美國批准第一種針對遺傳病的基因療法
American health officials recently approved the first gene therapy treatment for an inherited disease – the type that can pass from parent to child.
美國衛生官員最近批准了第一種治療遺傳性疾病的基因療法。遺傳性疾病是指可以從父母傳給孩子的疾病。The treatment improves the sight of patients suffering from a genetic mutation that destroys their ability to see. It is the first gene therapy approved where a corrective gene is given directly to patients.
這種療法可以改善受基因突變破壞視覺能力的患者的視力。它是第一種獲得批准的將修正基因直接賦予病人的基因療法。People with the disease usually start losing their sight before they are 18. This often progresses to total blindness. The gene that causes the disease could suddenly appear when a child is born with a copy of the gene from both parents.
患有這種疾病的患者通常會在18歲之前喪失視力,這往往會導致完全失明。當孩子遺傳了來自父母雙方的這種致病基因時,這種基因可能會突然呈現。
Only a few thousand people in the U.S. are thought to have the condition.
美國只有幾千人被認爲患有這種疾病。

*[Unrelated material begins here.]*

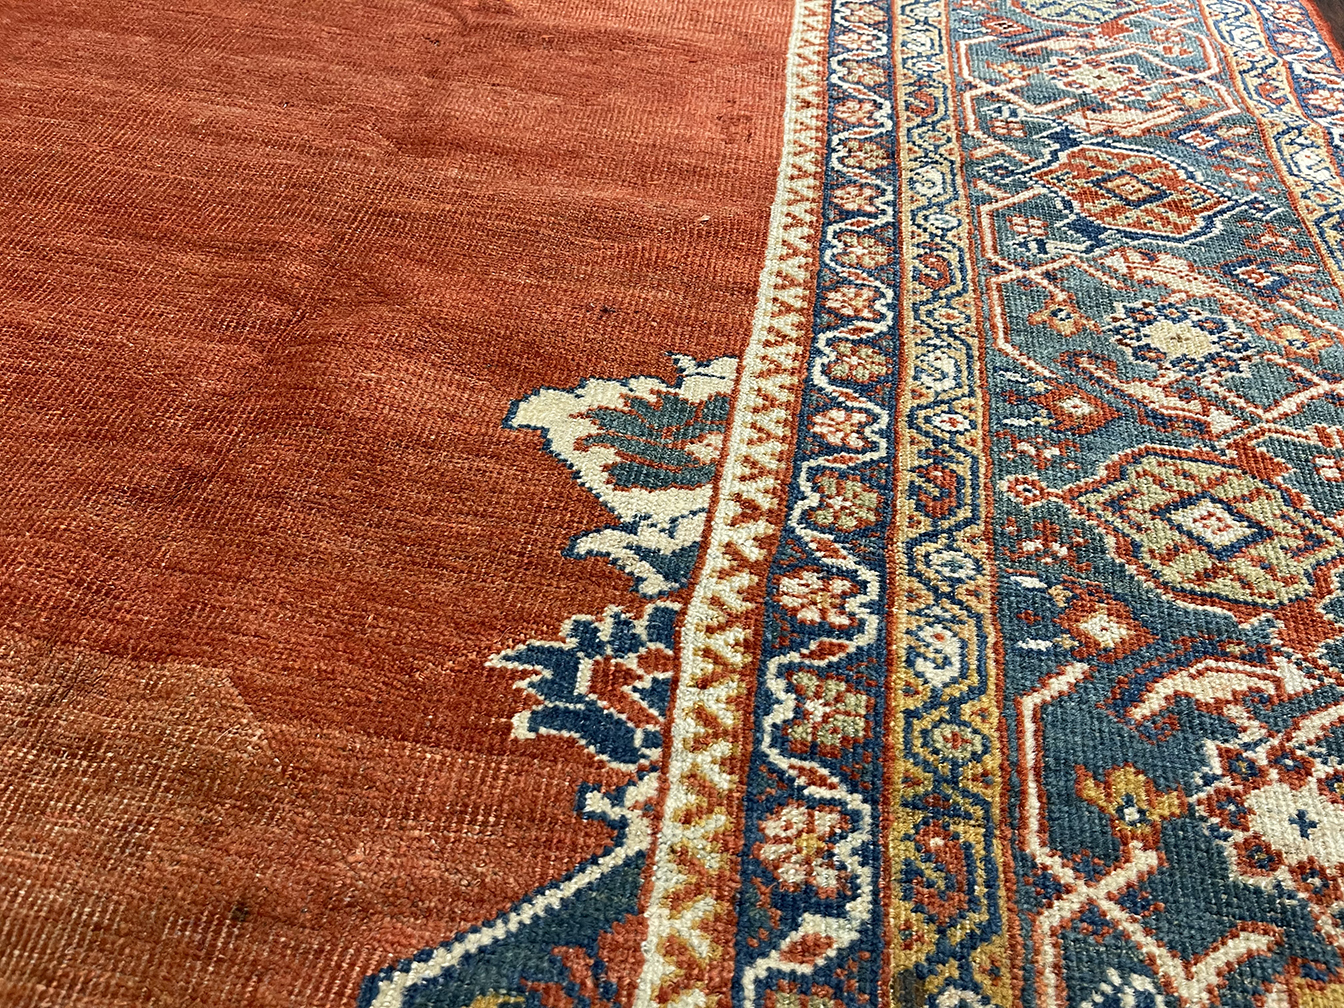 Antique sultan abad Carpet - # 56457

Patients receive the therapy, called Luxturna, through two injections, one for each eye. These replace the problem gene that prevents the retina, a tissue at the back of the eye, from changing light into electronic signals sent to the brain.
患者通過兩次注射,每隻眼睛接受一次注射來接受這種被稱爲Luxturna的療法。這些基因會取代妨礙視網膜將光線轉化爲電子信號發送給大腦的問題基因。視網膜是眼睛裏面的一種組織。
Mistie Lovelace received one of the early treatments. She said, "One of the best things I've ever seen since surgery are the stars. I never knew that they were little dots that twinkled."
米斯提·洛夫雷斯接受了這種早期治療。她說:“手術之後我看到的最美好的東西就是星星。我從來不知道它們就是些閃爍的小光點。”Drugmaker Spark Therapeutics has not set the price for the treatment. Its own research, however, has put the value of the therapy at around $1 million.
製藥商Drugmaker尚未確定這種療法的價格。然而,該公司自己的研究將這種療法的價值定在1百萬美元左右。The company says the reason for the high price is due to their prediction that Luxturna will be given only once, with lasting positive effects. To date, the company has researched patients in a study for as long as four years and has not seen their vision worsen.
該公司表示,高價格是因爲他們預測Luxturna療法只有一次能夠具有持久的積極影響。迄今爲止,該公司已經對病人進行了長達四年的研究,並且他們的視力沒有出現惡化。The Food and Drug Administration has approved three gene therapies since August. The two other treatments are specially designed treatments for forms of blood cancer.
自8月份以來,美國食品和藥品管理局已經批准了三種基因療法。另兩種療法是對白血病的特別定製療法。